**AIM OF THE EXERCISE**
Make an exact copy, from the records below, of the lines from the line containing "Carroll vs. Harbaugh: An" to the line containing "Lds Bobs Plush Lite Be Cool blue slipon", both lines included, excluding pictures.

**SUPPLIED INFORMATION**
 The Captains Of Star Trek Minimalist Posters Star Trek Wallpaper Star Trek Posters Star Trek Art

==

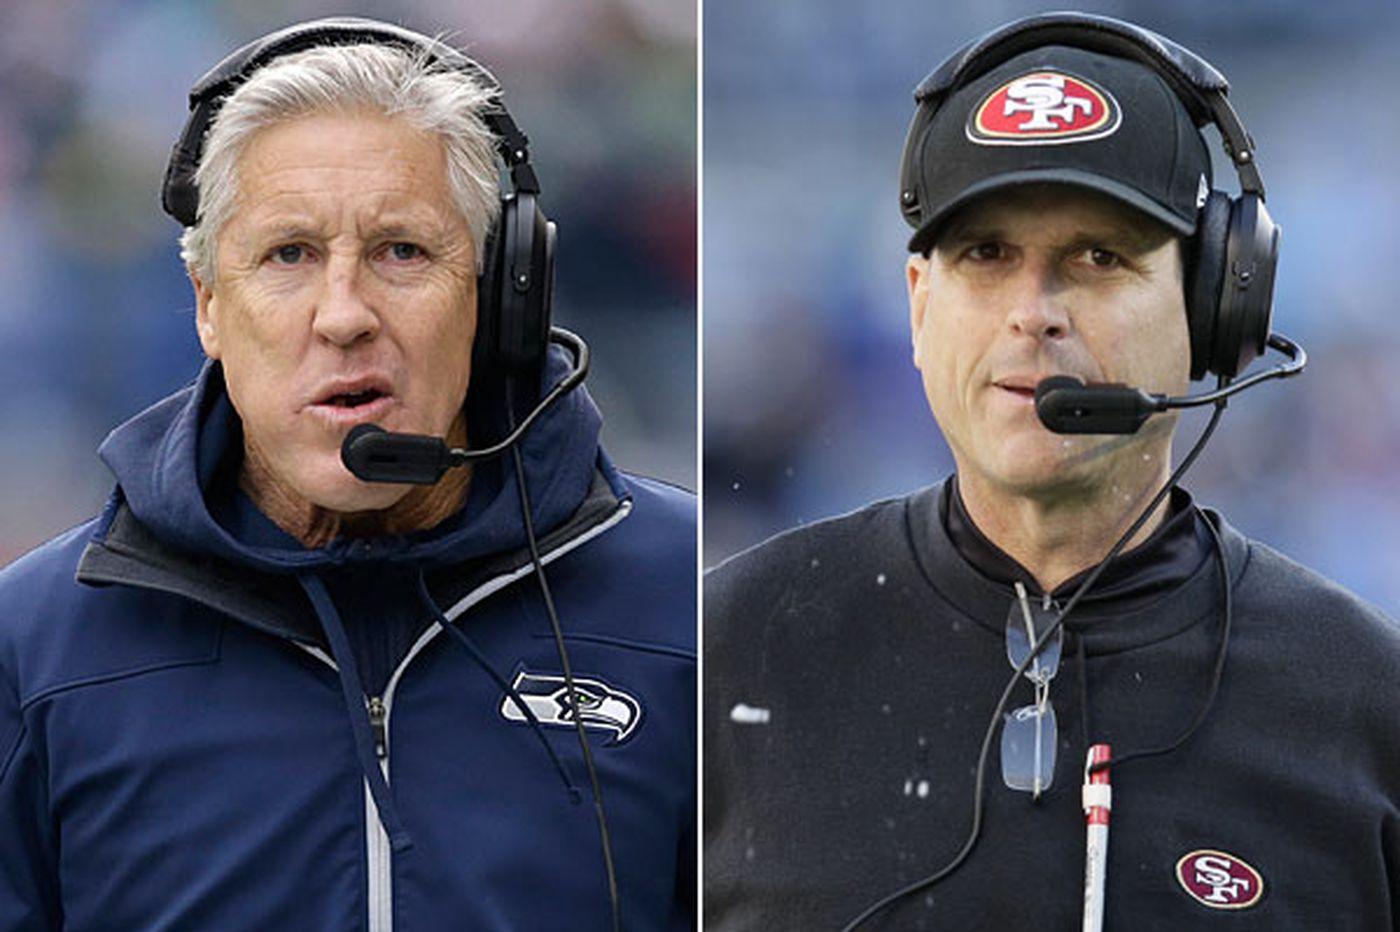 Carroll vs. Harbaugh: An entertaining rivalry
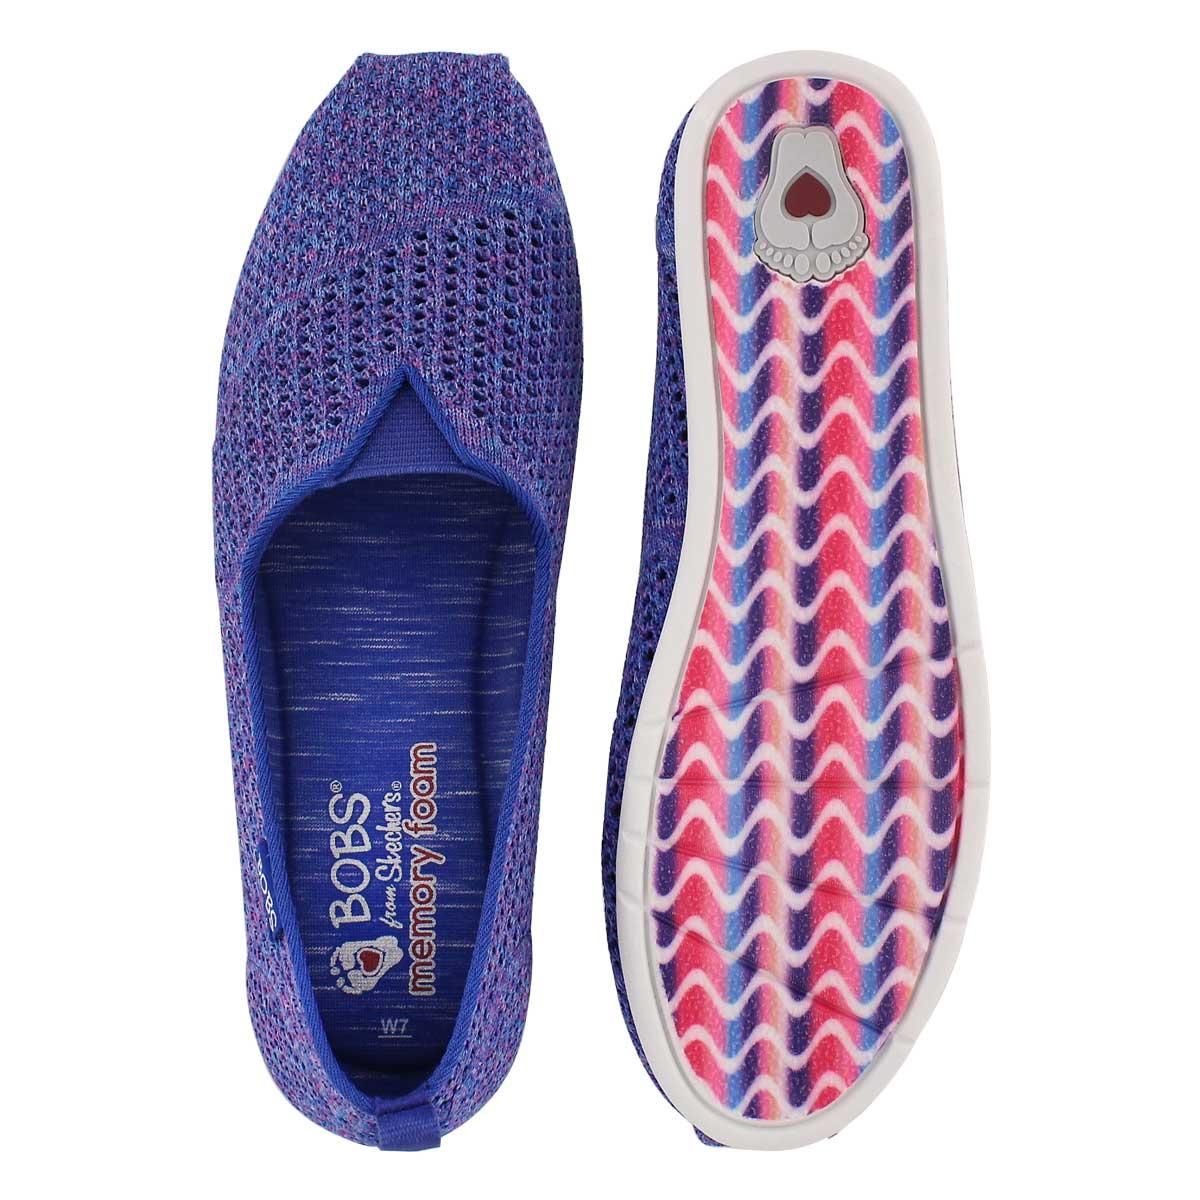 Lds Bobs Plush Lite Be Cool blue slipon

**RESPONSE TO THE TASK**
 Carroll vs. Harbaugh: An entertaining rivalry
 Lds Bobs Plush Lite Be Cool blue slipon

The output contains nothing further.